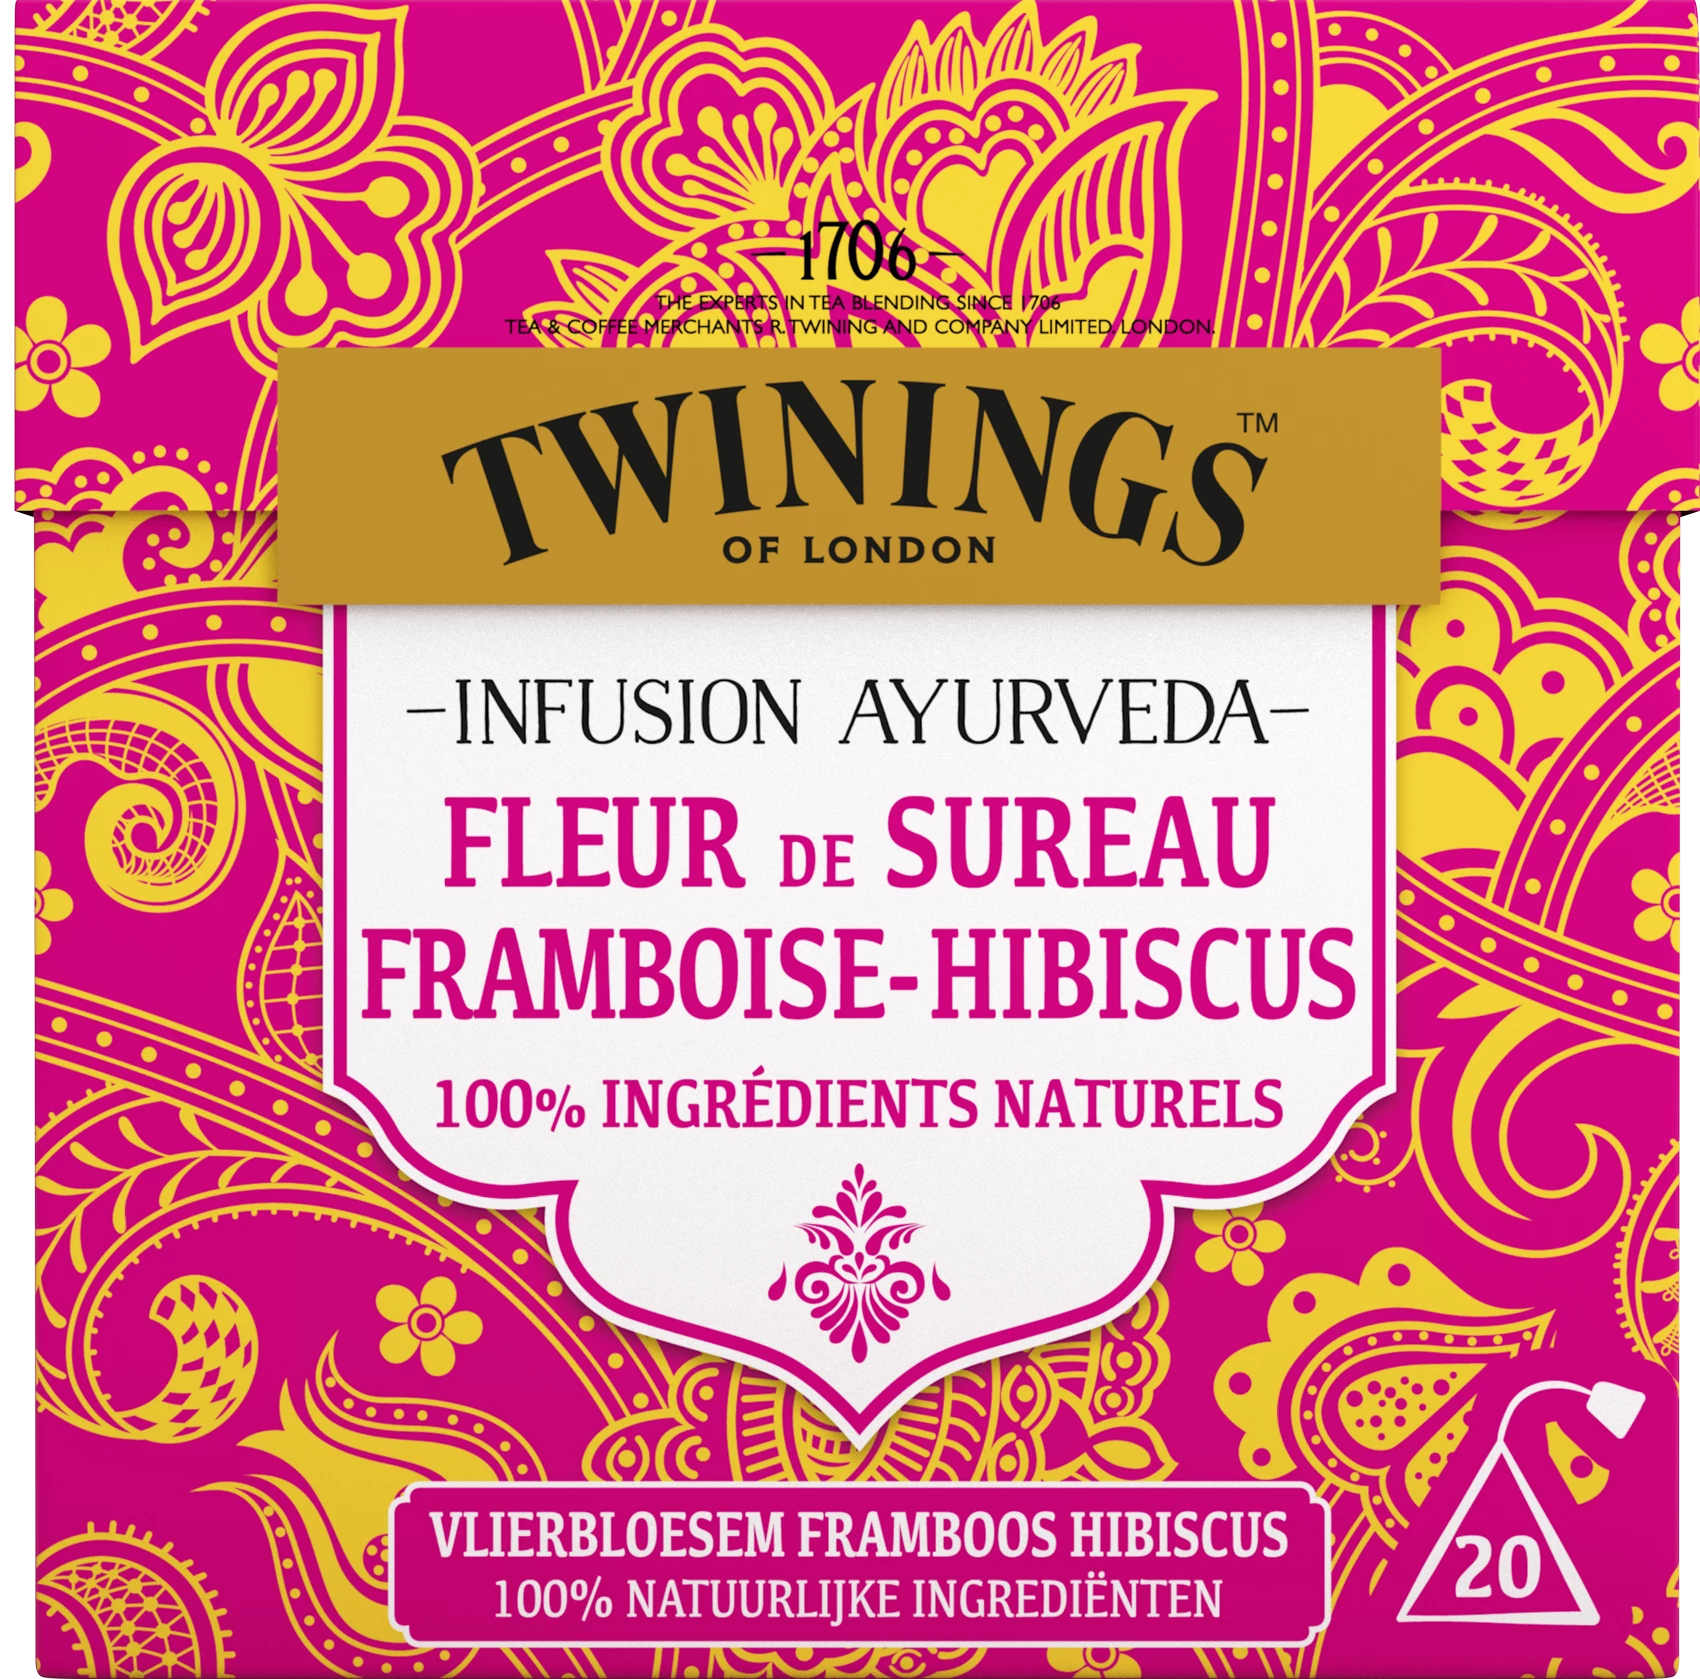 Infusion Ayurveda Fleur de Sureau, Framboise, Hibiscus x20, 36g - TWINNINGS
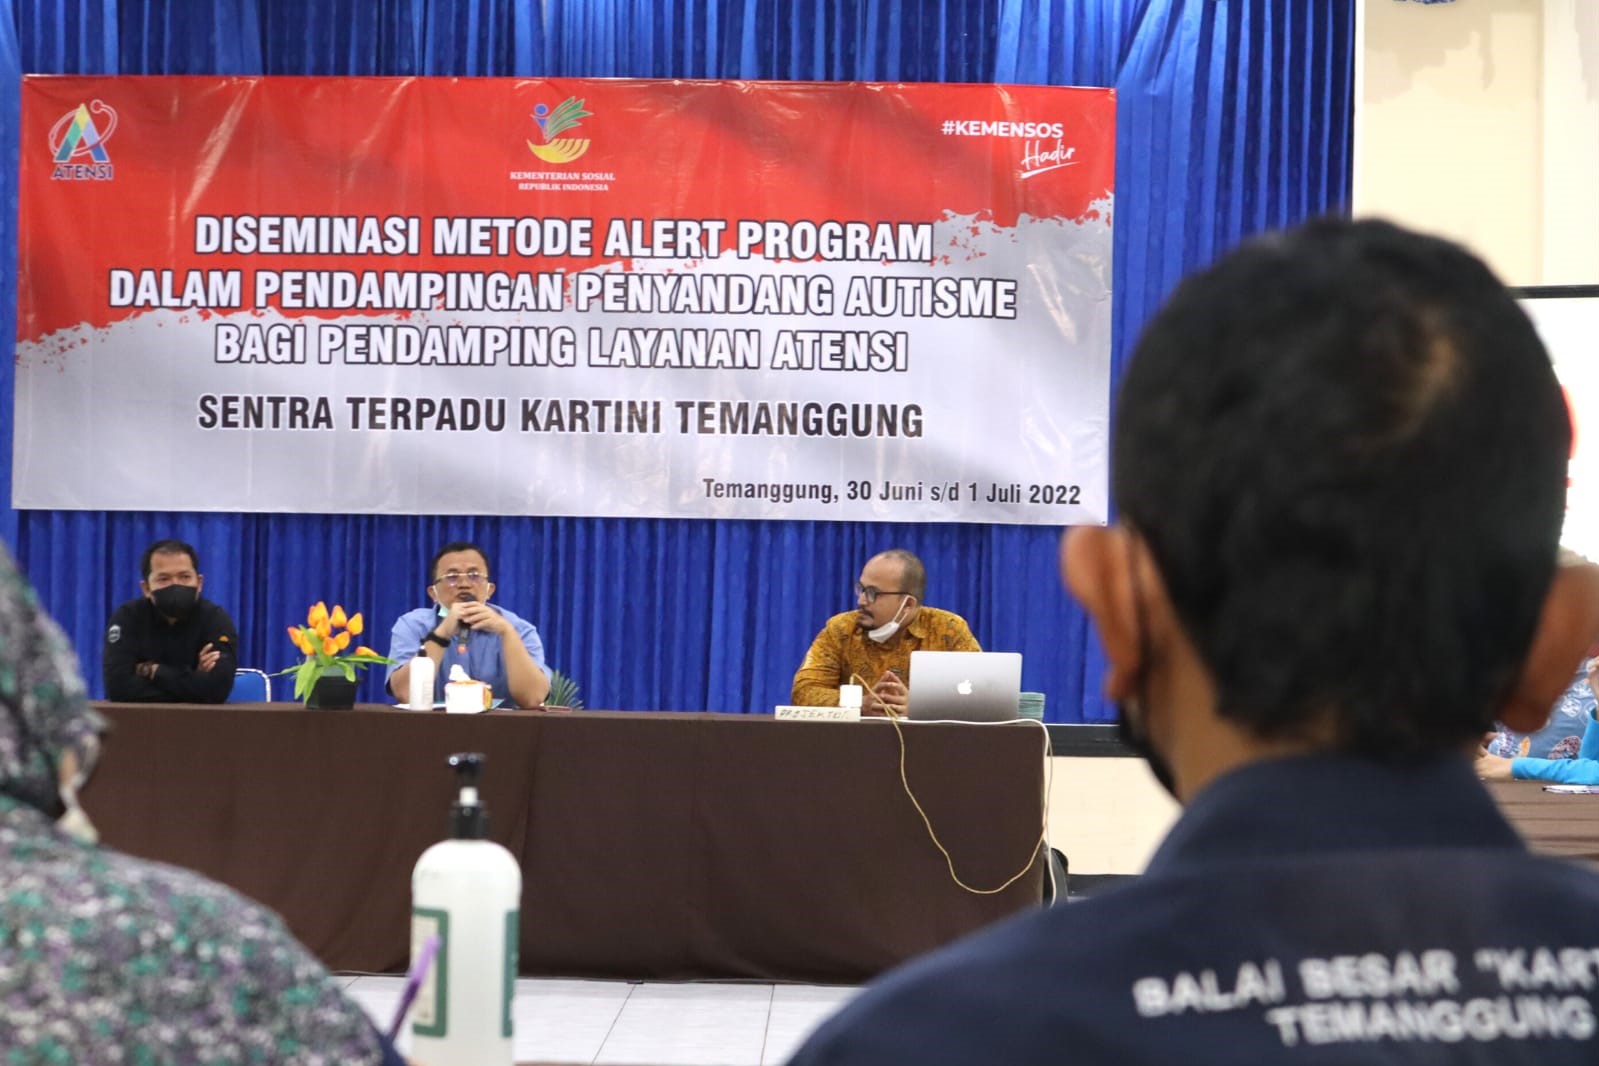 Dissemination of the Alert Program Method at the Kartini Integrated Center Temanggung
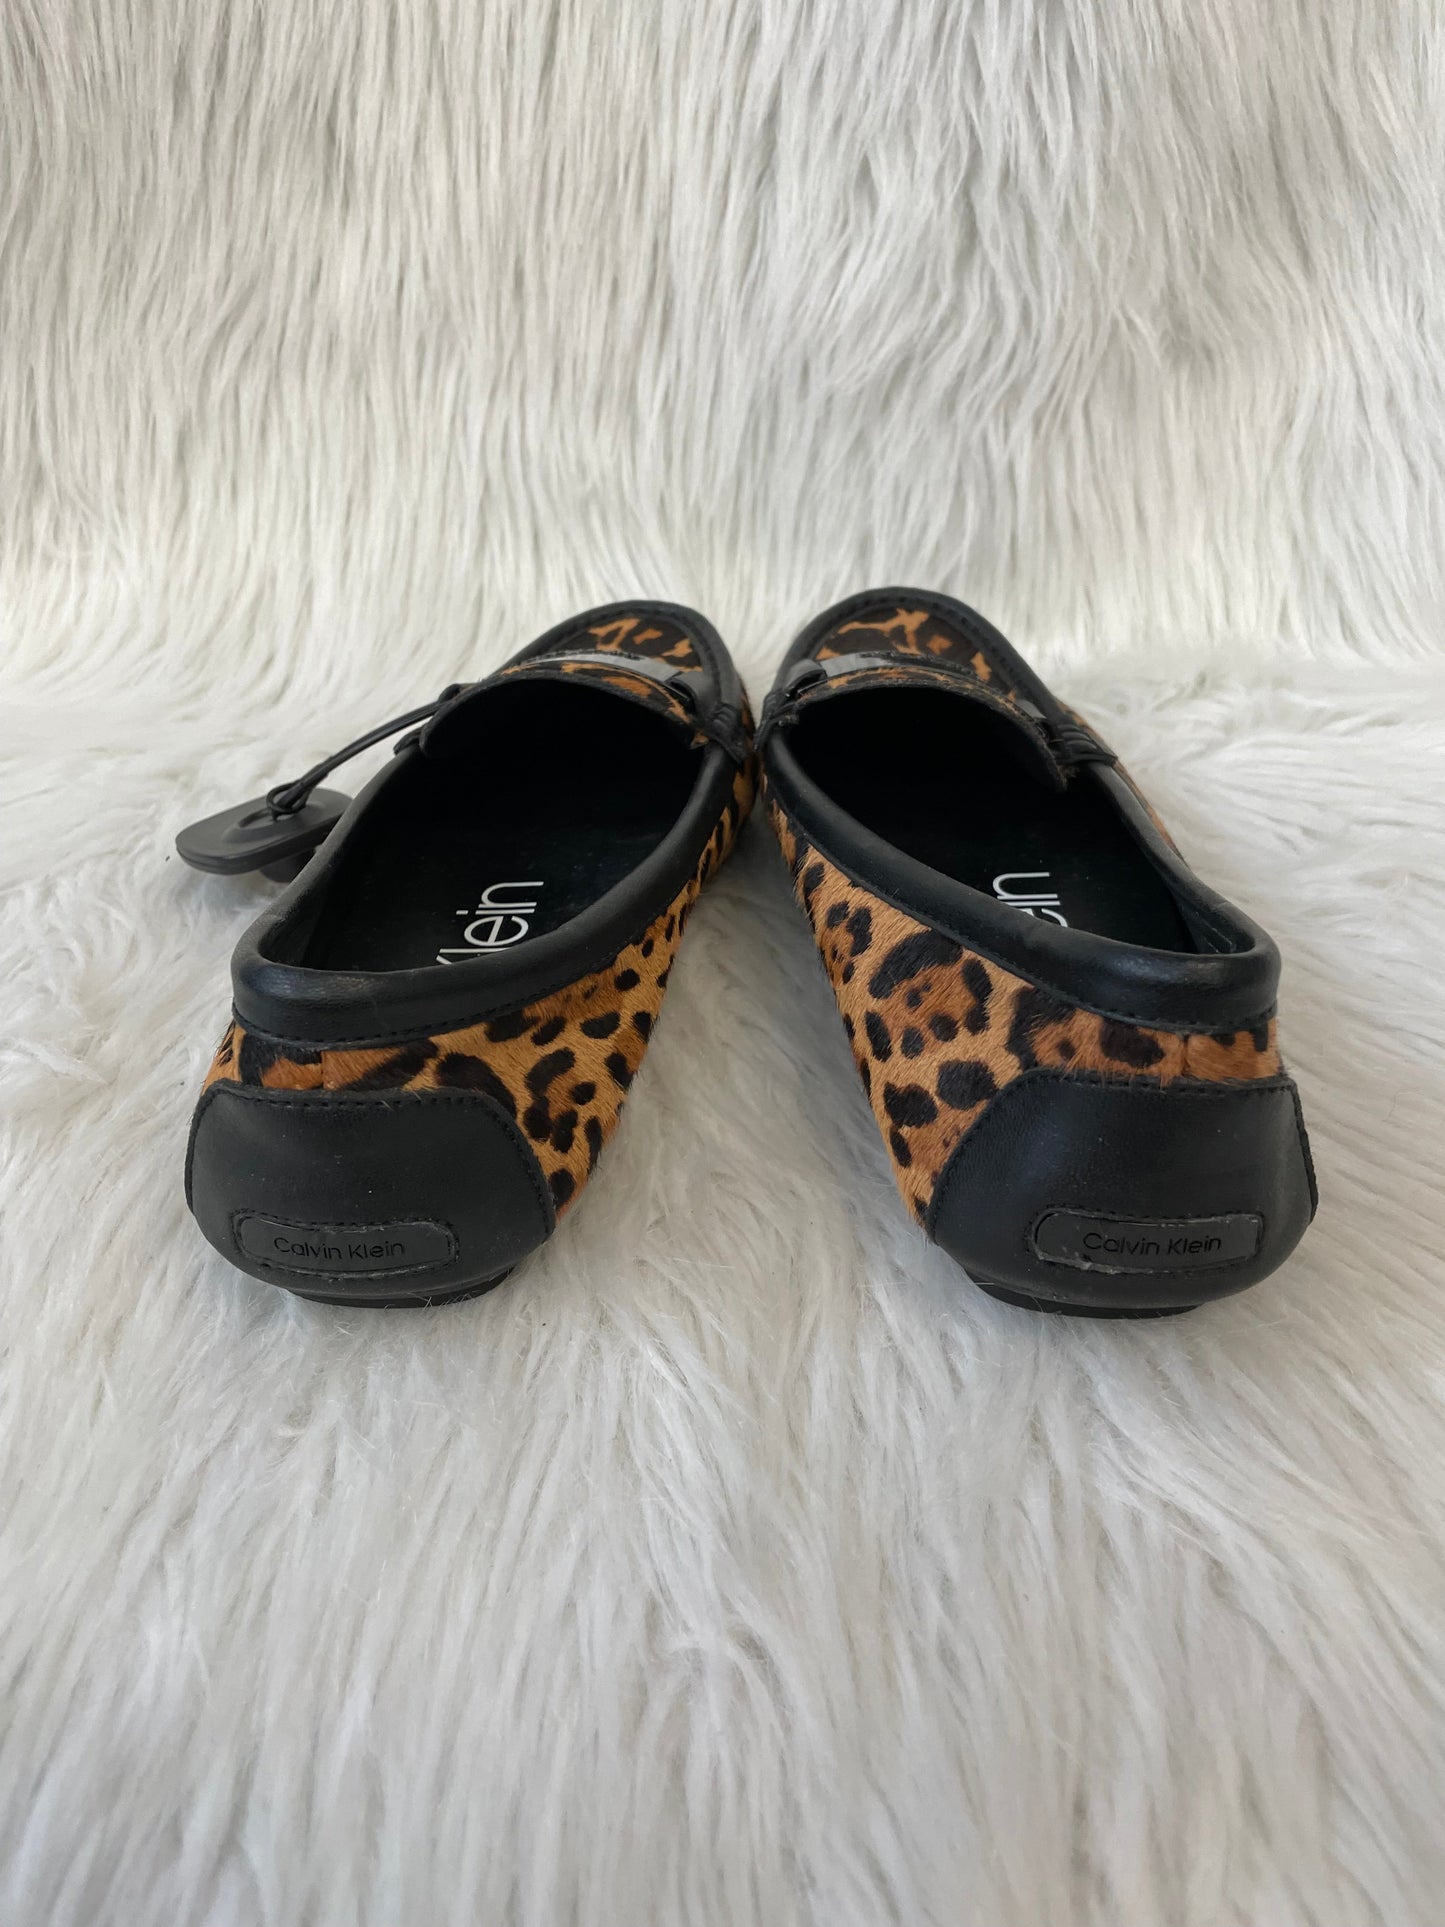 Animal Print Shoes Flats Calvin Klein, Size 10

* _Your goal_: Every word of the material above should be copied exactly; no pictures.

* _Solution to this task_:
 Infusion Ayurveda Fleur de Sureau, Framboise, Hibiscus x20, 36g - TWINNINGS
 Dissemination of the Alert Program Method at the Kartini Integrated Center Temanggung
 Animal Print Shoes Flats Calvin Klein, Size 10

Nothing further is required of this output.